Leaders teach others to think past hope

If your team is showing up to meetings with plans that have them working off the best (or worst) case scenario, they’re not thinking effectively enough. Our job as leaders is to teach others to think past hope. One outcome just isn’t enough – even if it’s really conservative. We need people considering a variety of outcomes.

Hope is not a strategy.

I used to work at a company where the CEO had to approve the hiring of every employee. Initially I worried that I would bring him a candidate that didn’t impress him. Soon enough I realized that his approval process was more about the conversation we were going to have than about the conversation he had with the candidate.

After a bit of back and forth about how I saw the role structured and when the candidate might start, the conversation always moved to the same spot – three questions that used to stress me out to no end.

  1. How will you know if they’re a good fit or not working out?
  2. How long will it take to know if they’re working out?
  3. What will you do if they’re not working out?

What he was saying was that I needed to move beyond the hope that the candidate would be a perfect fit – no matter how much I wanted that to be the case.

think past hopeConservative estimates are just as bad as wild ones.

I helped run another company where we were responsible for creating the timelines for every major software release of our flagship product. These were the big dates that would be announced to the tons of large companies that were our clients.

So I would gather all the right folks into a boardroom and get estimates from each. They would focus on what we were trying to do, what we had left to do, and what kinds of efforts would be involved, in terms of time, to get our product out the door.

Invariably, one person at the table would tell me that we’d be done in the next week or two. He knew that everyone else would take longer. He just wanted to claim that he wasn’t holding anyone up. We both knew that he wouldn’t be done in a pair of weeks.

Others would tell me they needed a couple of quarters – which was way too long. More importantly, their estimates were wrong too. Just because they were super conservative didn’t help any.

What I wanted was accuracy. Not hope. Not ridiculousness.

Single outcome predictions

Whether you’re working to hire someone, working on a budget, or working on effort estimates, the reality is that most of our teams are filled with people who are making predictions on a single outcome trajectory.

Some people on your team are always hoping for the best. Their single outcome expectation is that everything goes great.

Other folks on your team never see the sun. Everything will always go wrong. And they feel helpful by preparing for that single outcome.

It doesn’t matter what side they’re on. They can’t get themselves to consider multiple outcomes.

Ever heard of multivariate analysis? Sound like it’s too tough to consider? I feel your pain. And because even the phrase sounds frightening, we don’t teach our staff or teams to think in this way.

Four questions to help your teams think in multiple directions

The four questions I’m going to show you here are not rocket science. They’re all “what if” questions. But I find that they’re helpful in causing people to think in more than just one direction.

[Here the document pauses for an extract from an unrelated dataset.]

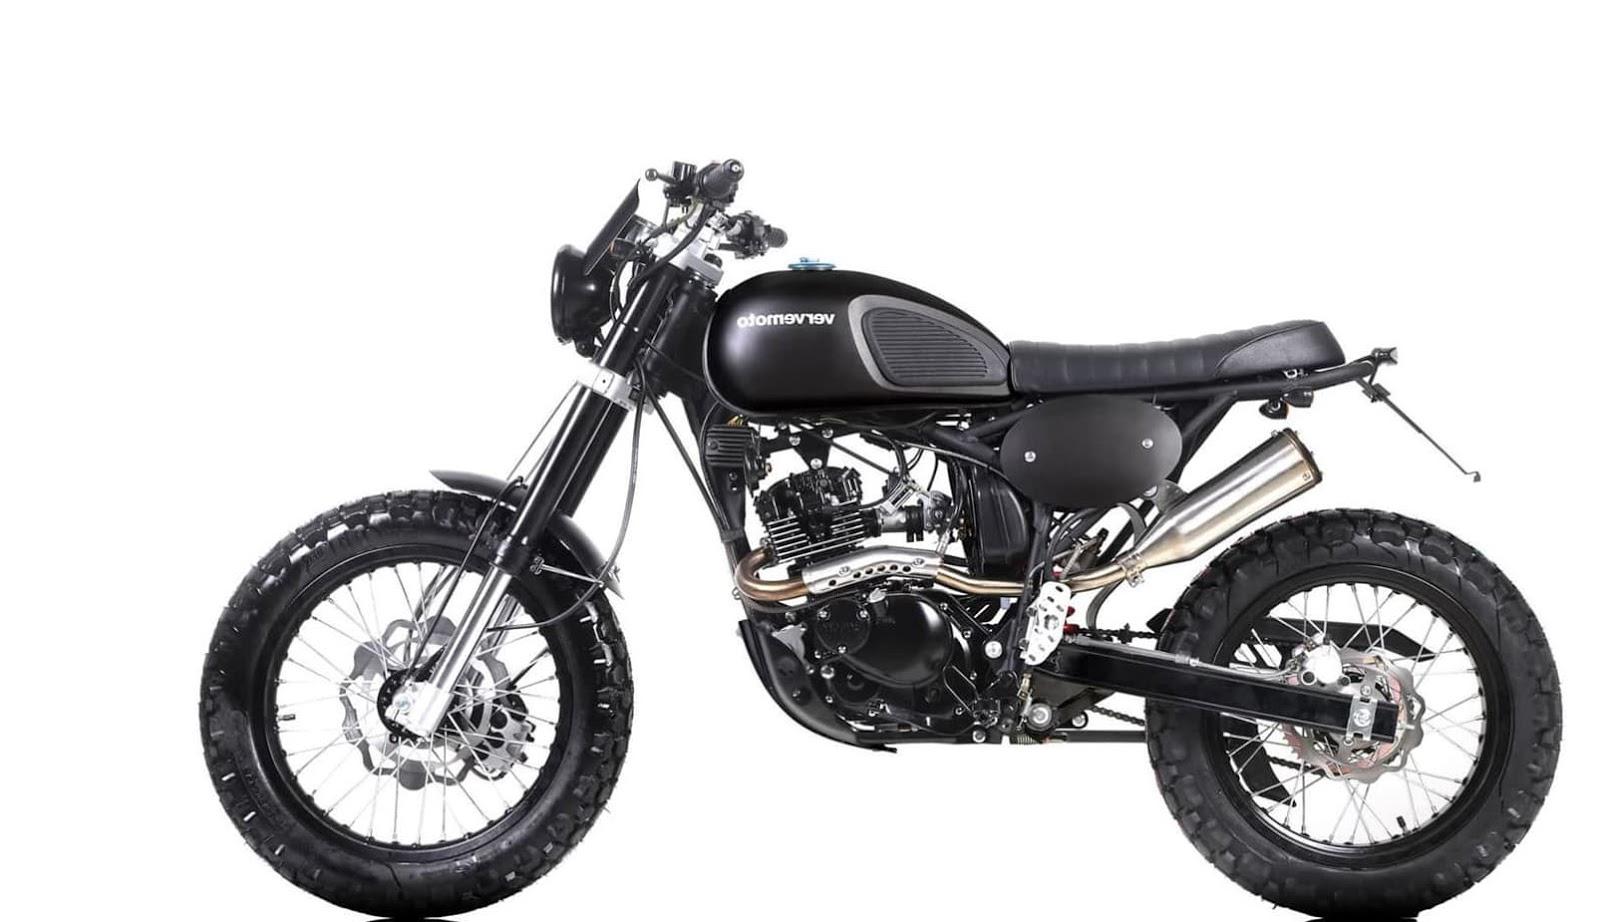 Sissi Moto Crema Usato verve moto tracker 125i and hero 125i spec

1. What if I didn’t exist?

In other words, instead of counting on me to make a final call, what would you do if the final call were yours? Or what additional information were you hoping that I could give you will you need to now go get on your own? Or what if I wasn’t holding you back at all?

2. What if I wanted to cut the time in half?

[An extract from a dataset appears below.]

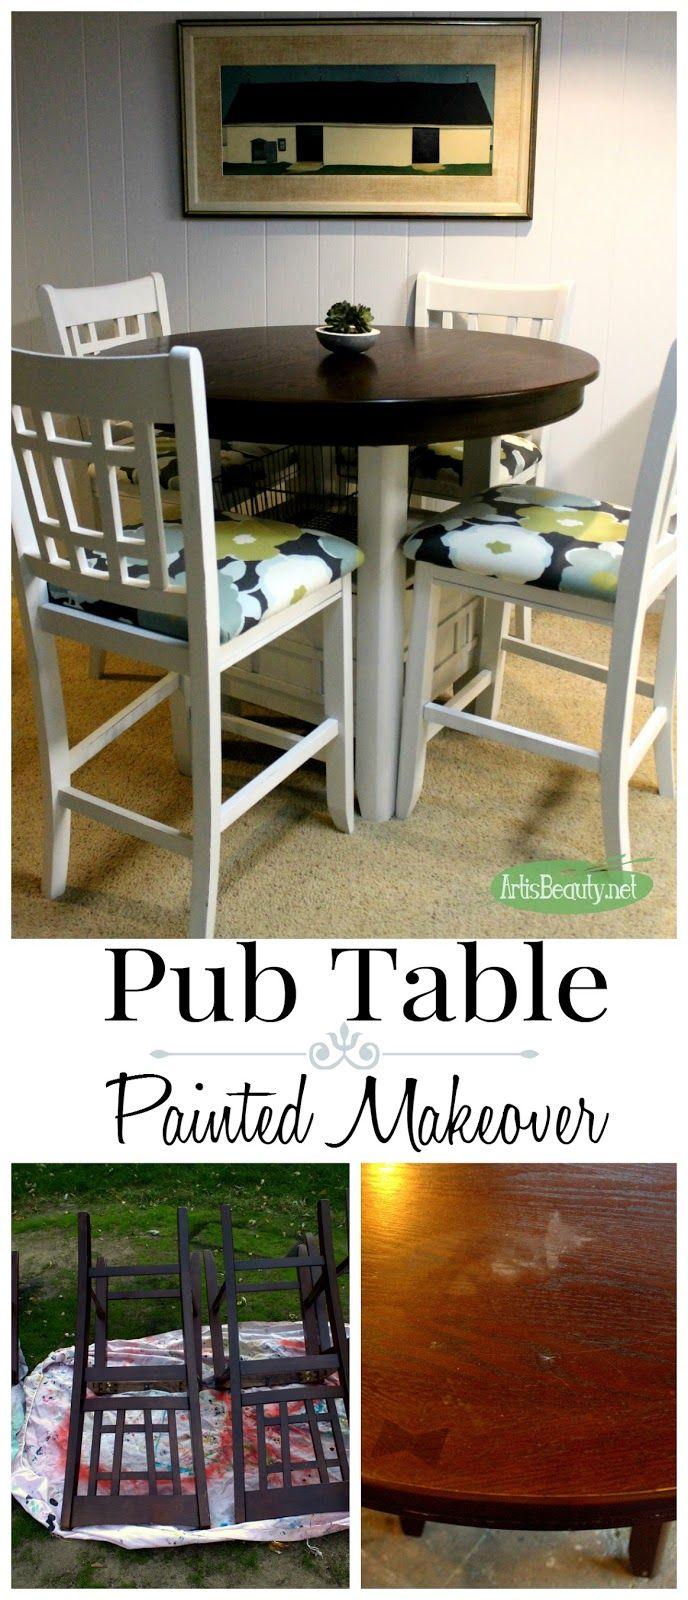 25+ Best Pub Tables Ideas On Pinterest | Barrel Table, Barrel Furniture And  Whiskey Barrels

In other words, what if I didn’t want to just incrementally adjust your concept, proposal or budget? What if I wanted to carve it in half? Cut its resources and/or timeline? What would you do? What could you do? What would you be willing to do?

3. What if you were given 30% more resources (time and/or money)?

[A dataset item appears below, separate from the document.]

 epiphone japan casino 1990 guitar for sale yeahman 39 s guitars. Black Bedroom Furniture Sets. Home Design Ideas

In other words, if I wanted to accelerate things and I gave you more time or money, what would the result be? Would you be done more quickly? Would you improve your plan? How would additional resources change the nature of what you thought was possible?

4. What if you discover this will fail in the next couple of weeks?

In other words, if this budget, effort, estimate, or expectation were to fall apart quickly – what would you do? Would you double down? Would you skip it entirely? Would you need different folks to help you?

When put together in a single conversation, they can make the person on the other side of the table injured from whiplash. They don’t know if you’re coming or going. But that’s not the point.

The point is to teach people to think in multiple directions.

When you do that, you’ve taught them real contingency planning. And that’s what it means when I say leaders teach others to think past hope.